Yogyakarta, Berita Satu – Salah satu Ketua PP Muhmmadiyah Busyro Muqoddas berharap masyarakat sadar dan tidak mau dipermainkan dengan isu SARA (suku, agama, ras dan antargolongan). Sebab, menurutnya, proses demokrasi yang benar adalah berdasarkan kapasitas dan integritasnya.
“Saya kira perlu ada gerakan untuk demokrasi yang sehat menjelang Pilkada Serentak 2017 mendatang. Gerakan demokrasi sehat itu juga harus mengedepankan gerakan menolak SARA sebagai masyarakat yang tidak terbeli oleh kekuatan mana pun,” ungkapnya baru-baru ini.
Mantan komisioner KPK ini pun menegaskan, proses pilkada harus dikembalikan kepada hakikat demokrasi sesungguhnya, yakni proses memilih pemimpin yang berkualitas, tidak berdasar kekuatan atau modalnya.

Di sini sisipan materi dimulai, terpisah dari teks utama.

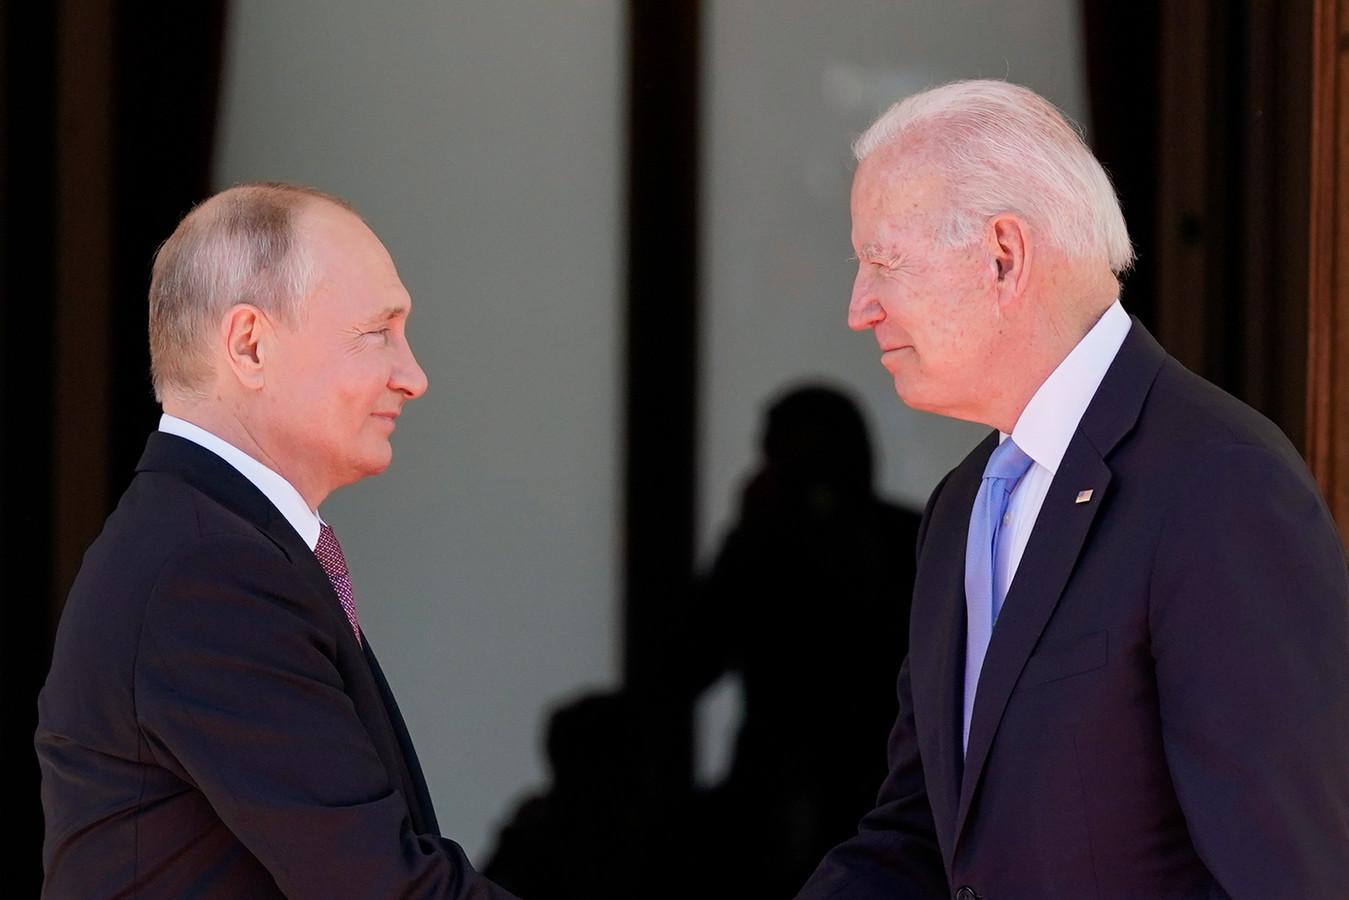 Vladimir Poetin en Joe Biden begroeten elkaar bij aankomst in Villa La Grange in Genève

Isu SARA itu, lanjut Busyro, sengaja diembuskan oleh beberapa pihak, ketika modal yang dimiliki sudah habis. Namun, sosok yang didukung tidak mampu menunjukkan kapasitas. “Memilih atau tidak pasangan calon yang berbeda agama, merupakan bentuk dari demokrasi,” ujarnya.
Menurut Busyro, isu SARA yang sengaja diembuskan dengan tujuan mengalihkan perhatian masyarakat kepada salah satu kandidat, adalah cara kuno, yang saat ini sudah tidak laku lagi di wilayah-wilayah tertentu.

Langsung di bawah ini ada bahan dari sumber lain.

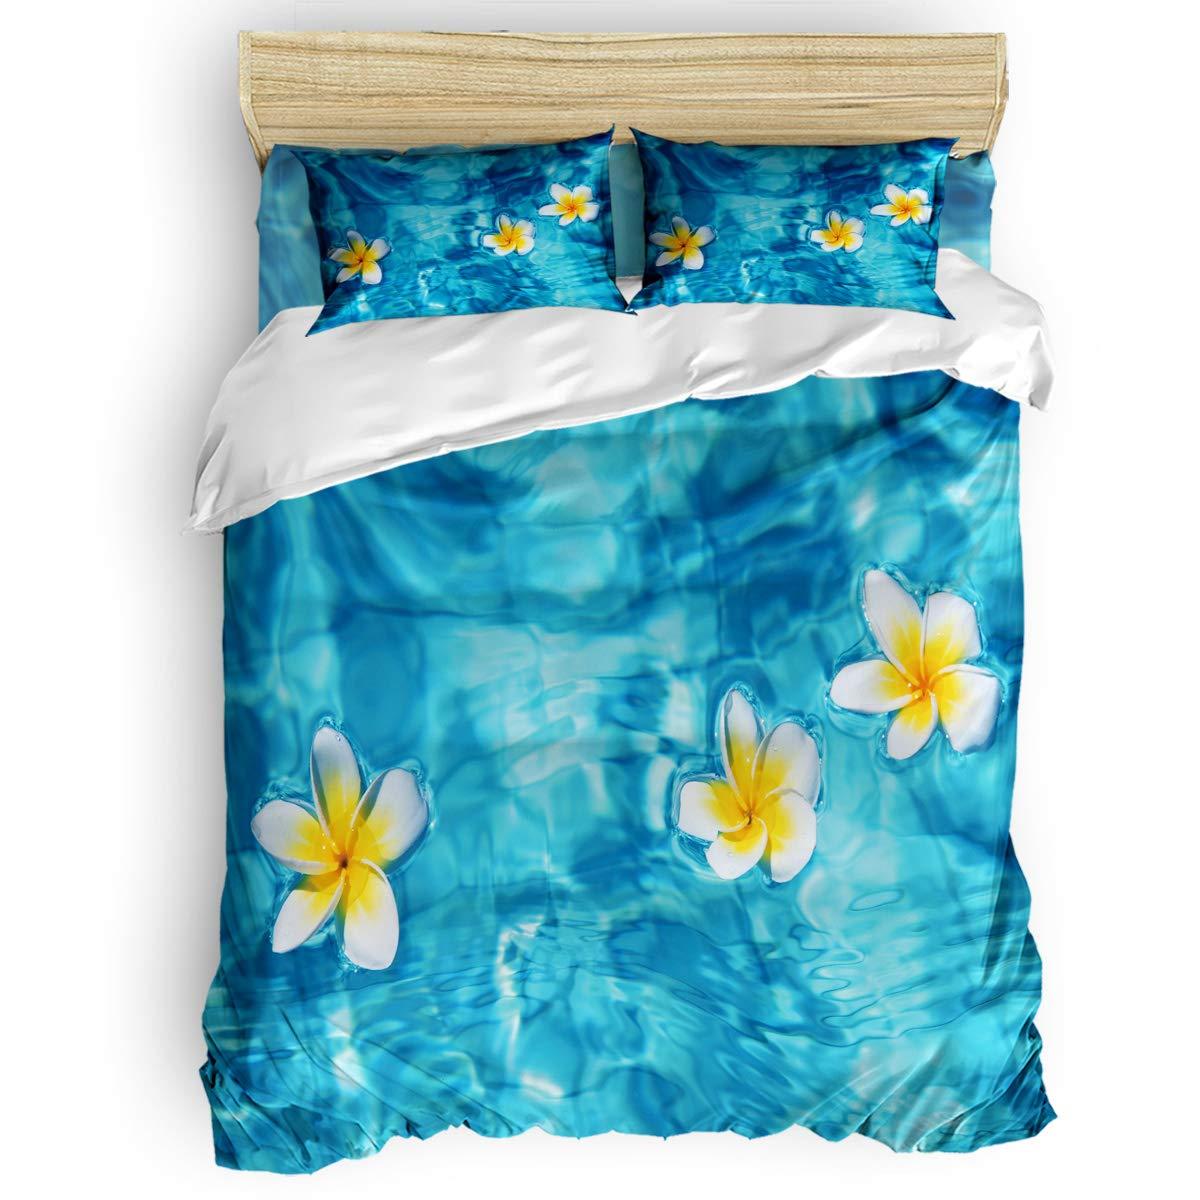 掛け布団カバー 4点セット ビーチ ココナッツの木 海景 寝具カバーセット ベッド用 べッドシーツ 枕カバー 洋式 和式兼用 布団カバー 肌に優しい 羽毛布団セット 100%ポリエステル キング B07THB56HS floatflowerLAS1517 キング

Jika masih ada isu SARA yang dihembuskan, maka hal itu masuk dalam kategori hegemoni yang tentu saja diarahkan kepada dominasi kekuatan tertentu.

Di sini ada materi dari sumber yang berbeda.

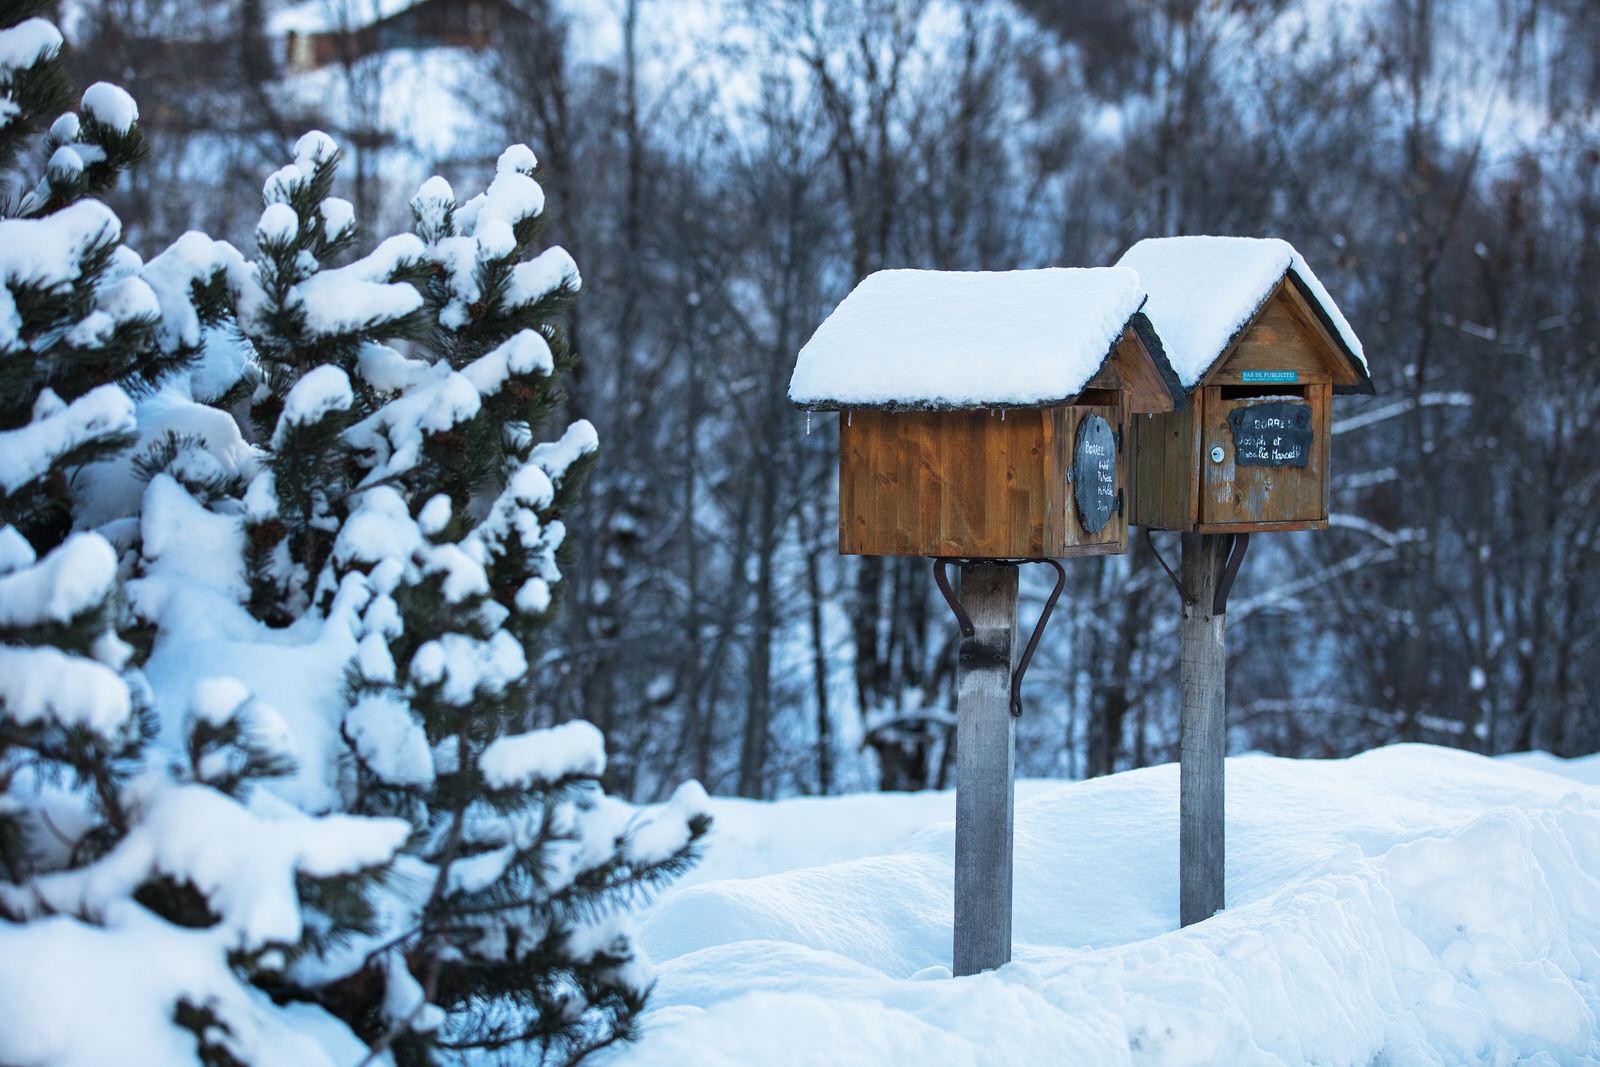 Le village de Saint-Martin-de-Belleville : détail de boîtes aux lettres en bois

“Rakyat harus sadar, proses demokrasi harus dikembalikan kepada hakikatnya yakni untuk memilih pemimpin, bukan karena kekuatan modal atau permainan tim suksesnya,” tegasnya.
Sebelumnya, peneliti Pusat Studi Kependudukan dan Kebijakan (PSKK) Universitas Gadjah Mada (UGM) Dr Muhadjir Darwin juga menyatakan bahwa pergerakan isu SARA sesungguhnya bisa dibaca arahnya, dan dijadikan alat untuk menyulutkan perpecahan.
Karena, isu SARA ini adalah cara yang paling mudah untuk menjaring simpati, maka sebagai modal terbesar maka agama dipakai tujuan politik. “Karena itu, di masa politik sedang meningkat, setiap orang termasuk tokoh politik harus berhati-hati dalam menjaga sikap toleransi. Sebab dalam proses demokrasi, masyarakat rata-rata bersumbu pendek,” katanya.
Hembusan isu SARA, menurut Muhadjir Darwin, sengaja digunakan sebagai instrumen politik untuk menjatuhkan lawan politik. Karena itu, pernyataan yang mengandung SARA bisa dimasukkan ke dalam peraturan tentang ujaran kebencian.
Sedangkan, Gunernur DIY Sri Sultan Hamengku Buwono X juga sempat melontarkan kekhawatirannya akan potensi konflik antarpendukung pasangan calon dalam Pilkada serentak 2017.
Menurutnya, segala potensi konflik itu pasti sengaja diciptakan, untuk membangun opini. Bisa juga, menurut Sultan, isu-isu diciptakan untuk mencaci lawan, namun juga bisa sebaliknya, sengaja diciptakan untuk meningkatkan empati pemilih.
Karena itu, para Paslon sebaiknya menghindari pernyataan-pernyataan yang bisa dijadikan sebagai pemicu perpecahan.
Termasuk di Yogyakarta, meski masyarakat di perkotaan sudah sadar politik, namun isu SARA tetap menjadi ancaman.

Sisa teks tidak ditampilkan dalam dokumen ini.